Work to complete: Leave the pictures out, and transcribe the material below exactly from the line with "Focus wallpaper. Focus" to the line with "Autriche 1928 Mi.", both lines included.

Record extracts:
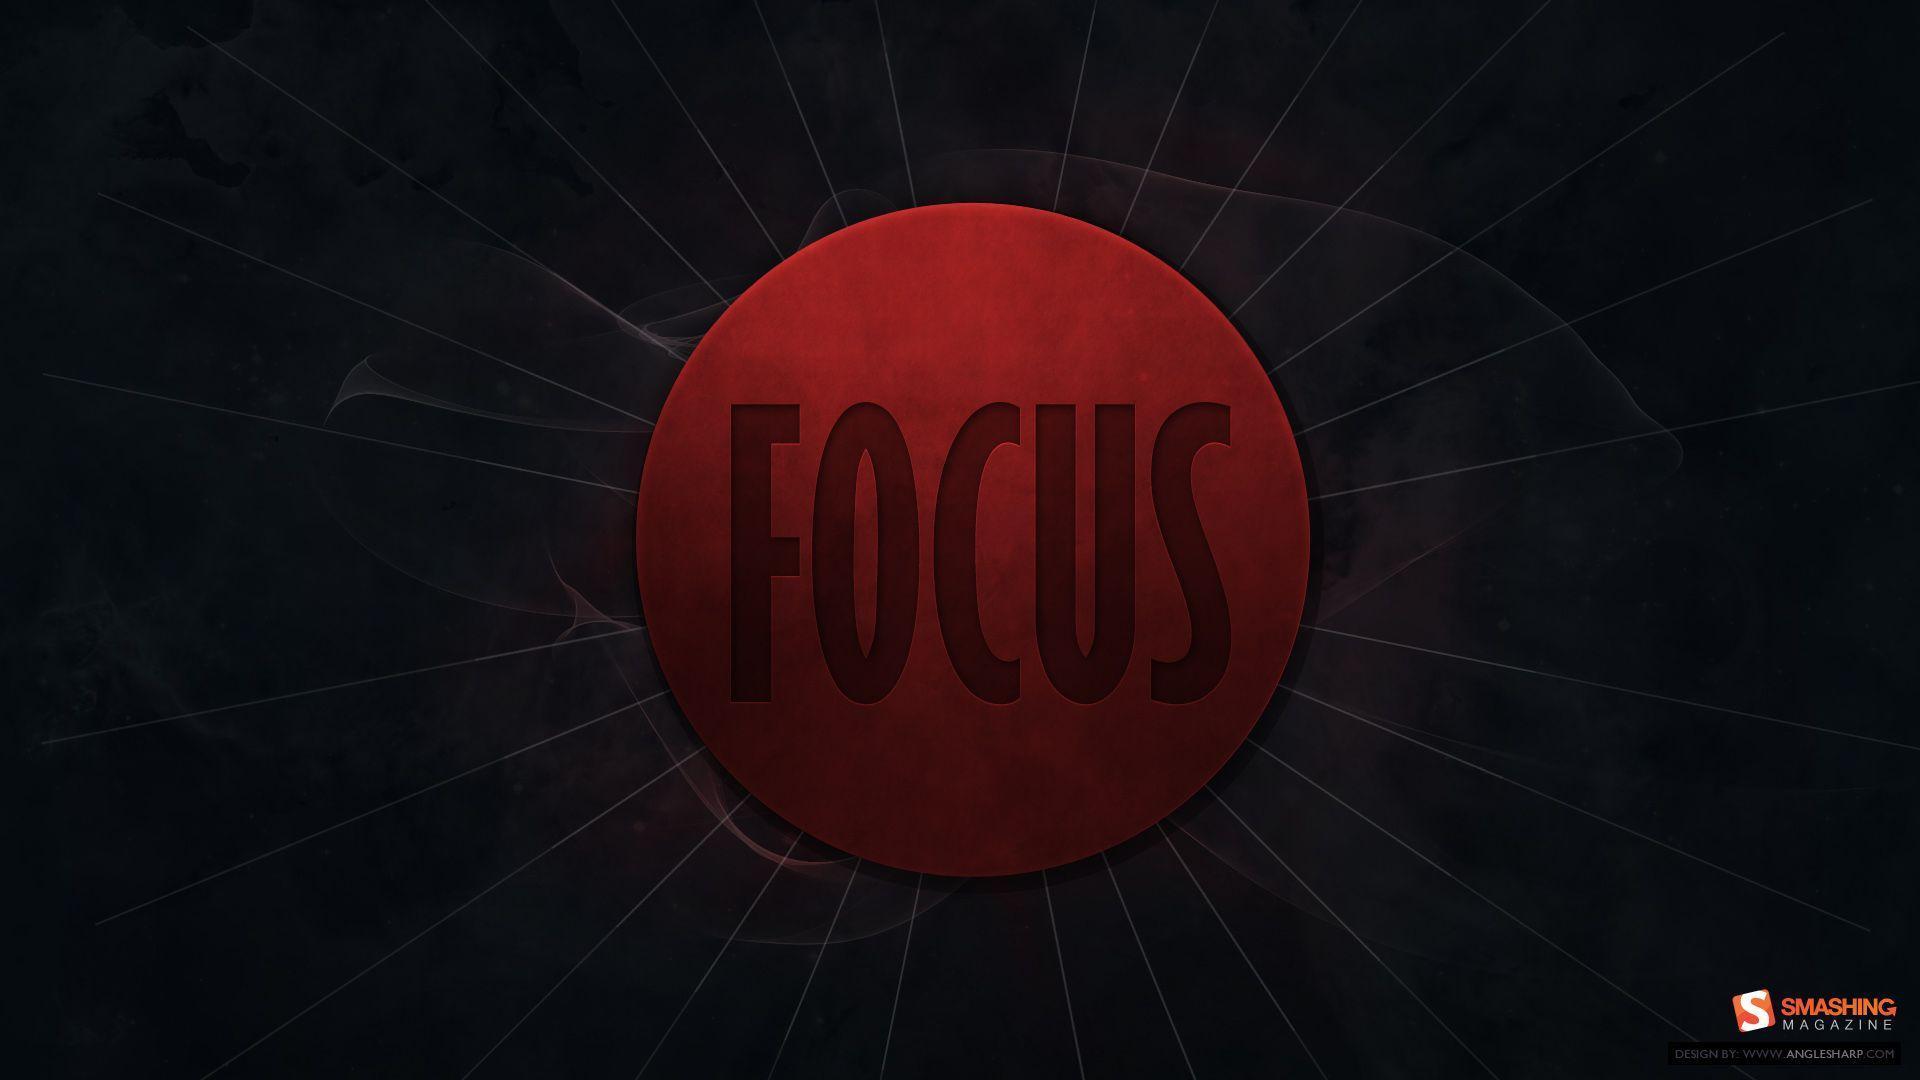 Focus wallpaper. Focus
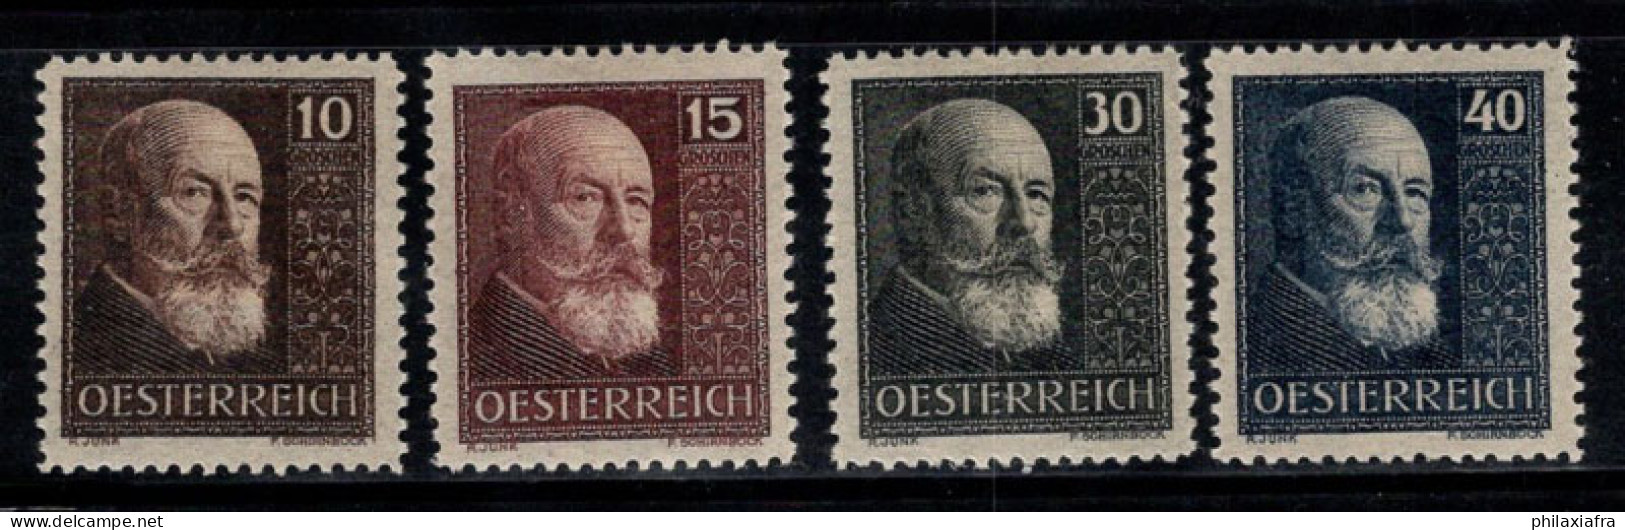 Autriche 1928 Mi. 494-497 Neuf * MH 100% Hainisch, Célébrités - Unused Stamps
* * *
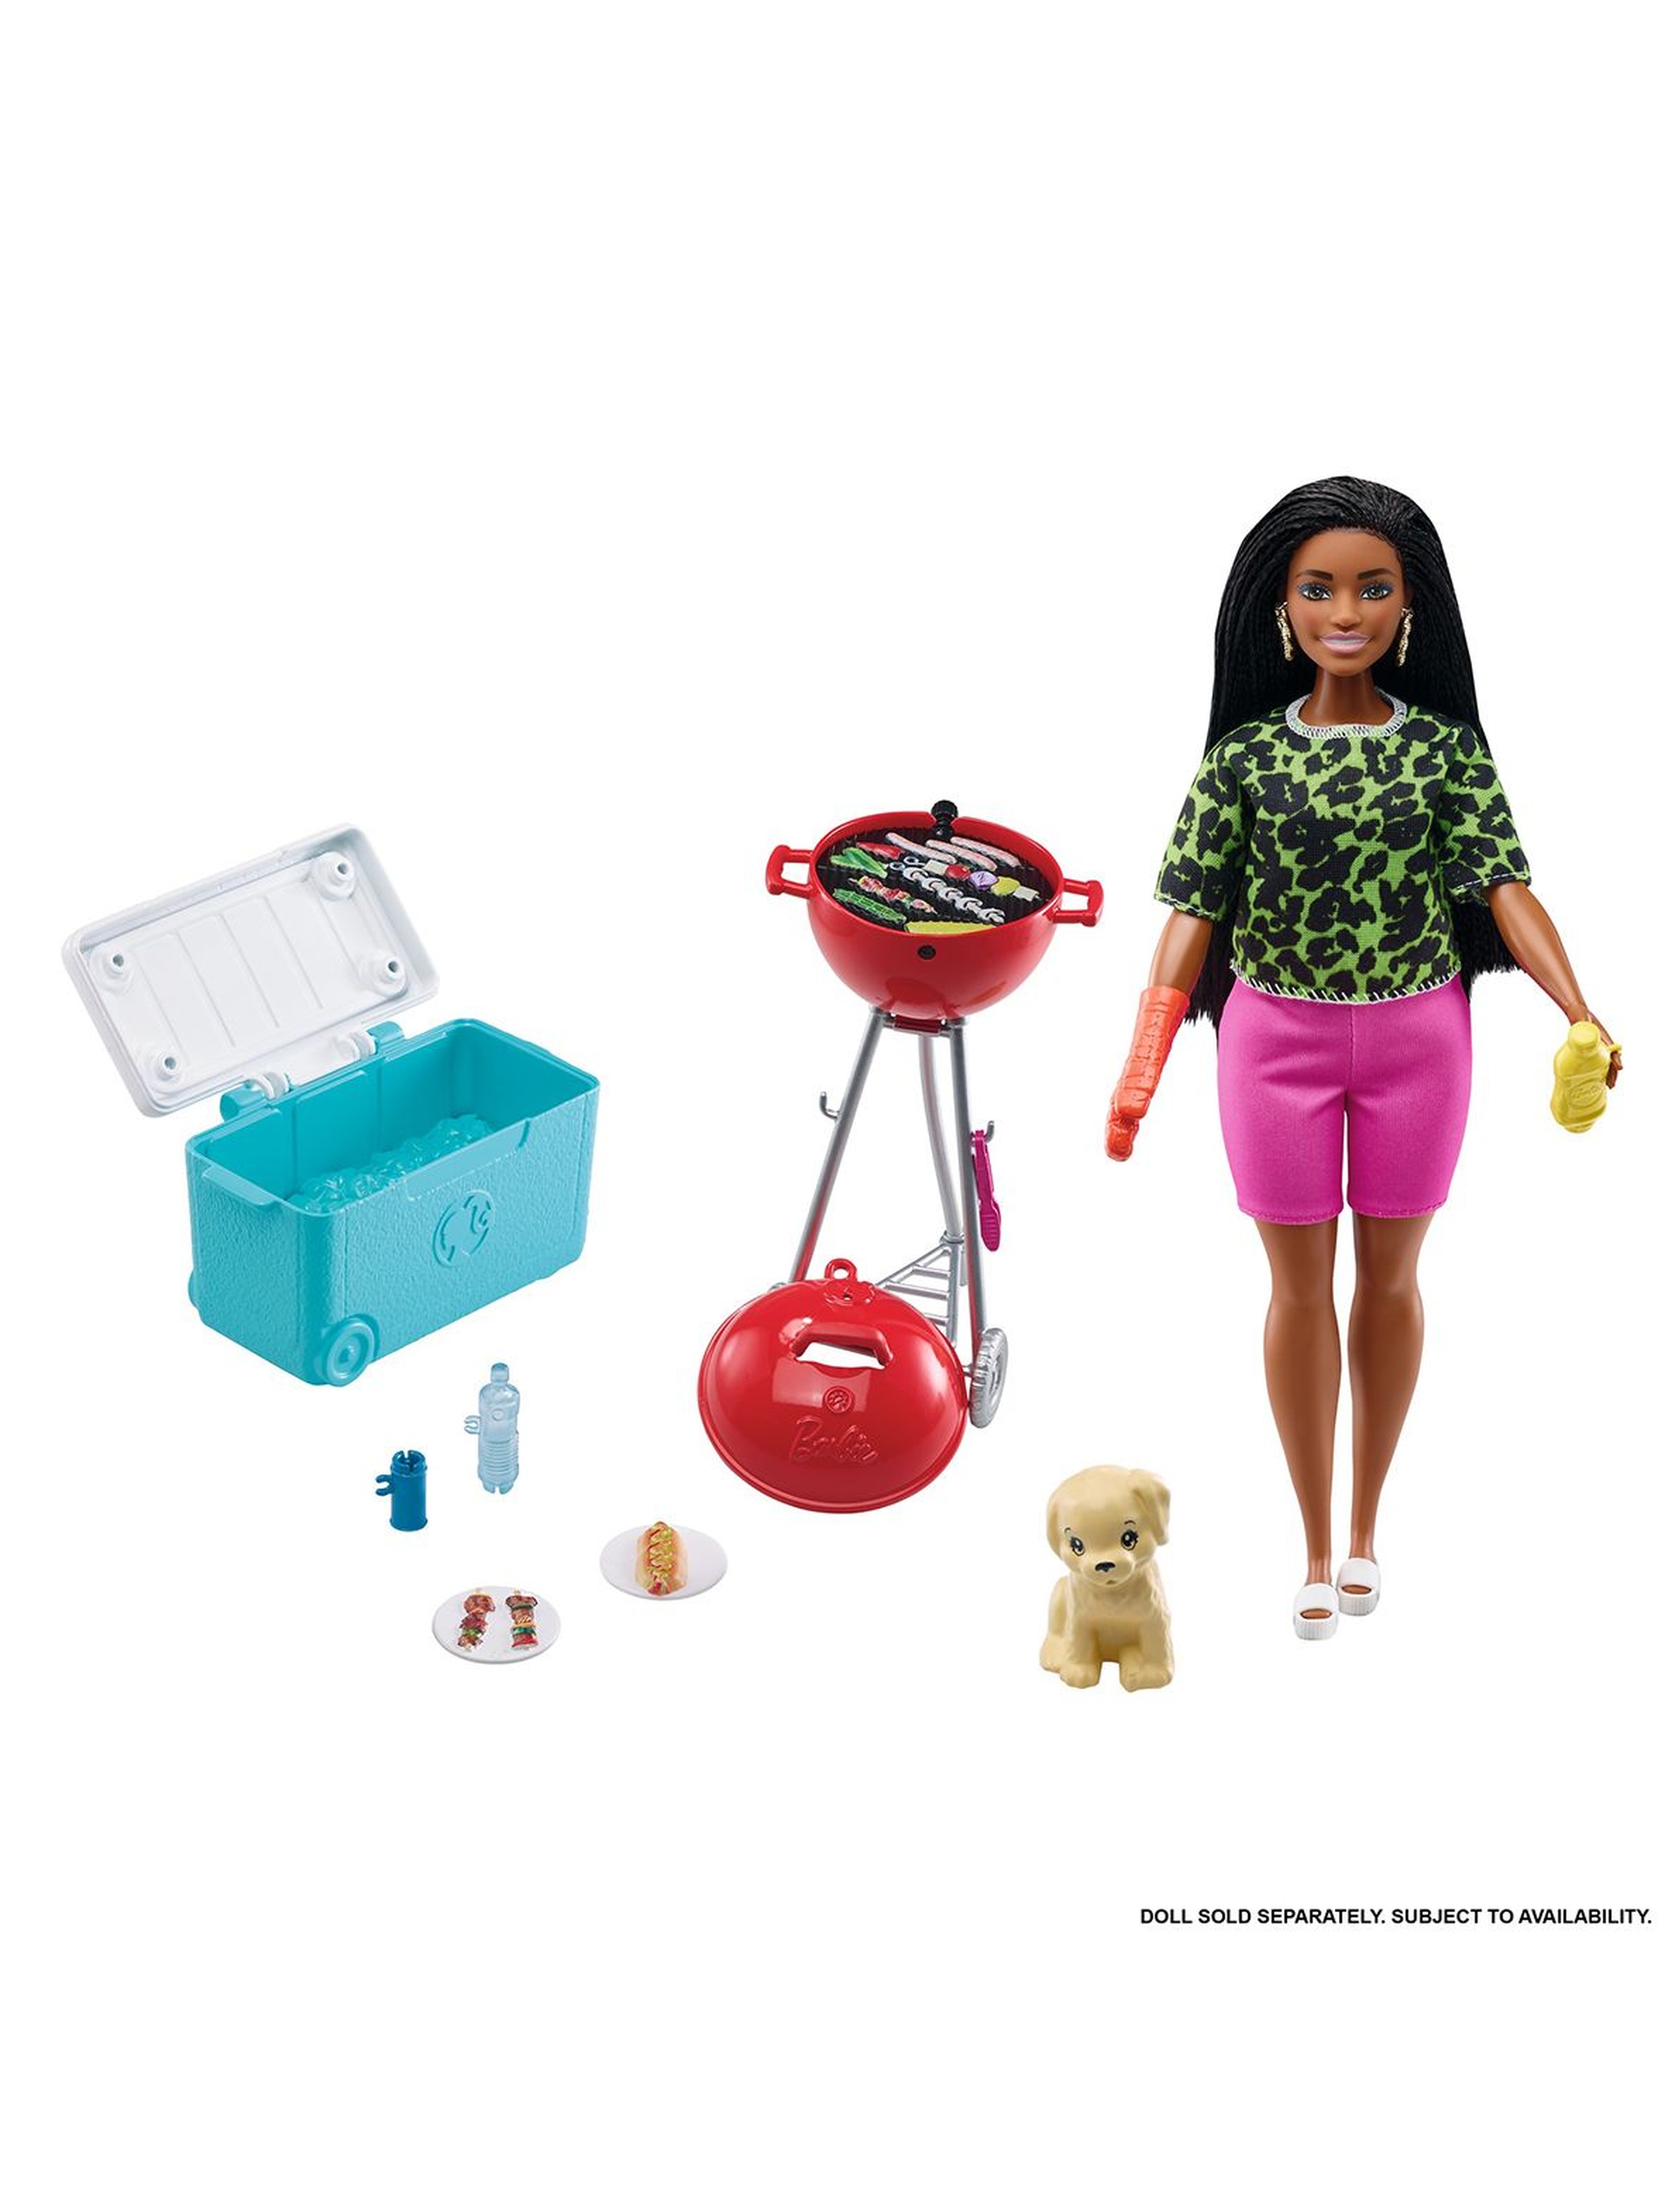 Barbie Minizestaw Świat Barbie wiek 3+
* * *
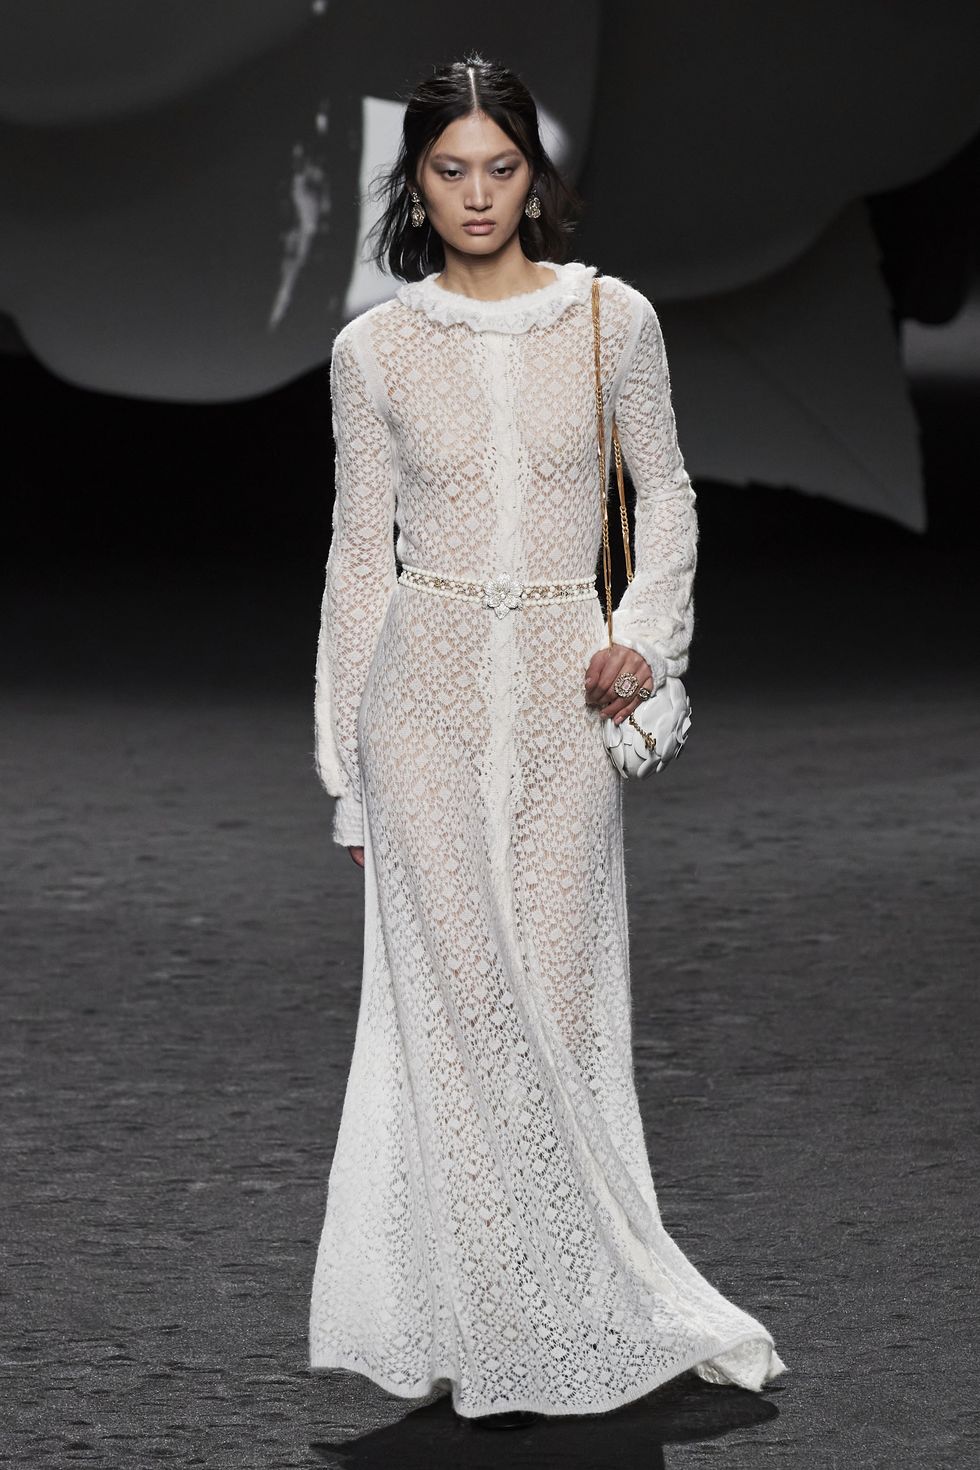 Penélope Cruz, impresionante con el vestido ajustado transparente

Answer:
 Focus wallpaper. Focus
 Autriche 1928 Mi. 494-497 Neuf * MH 100% Hainisch, Célébrités - Unused Stamps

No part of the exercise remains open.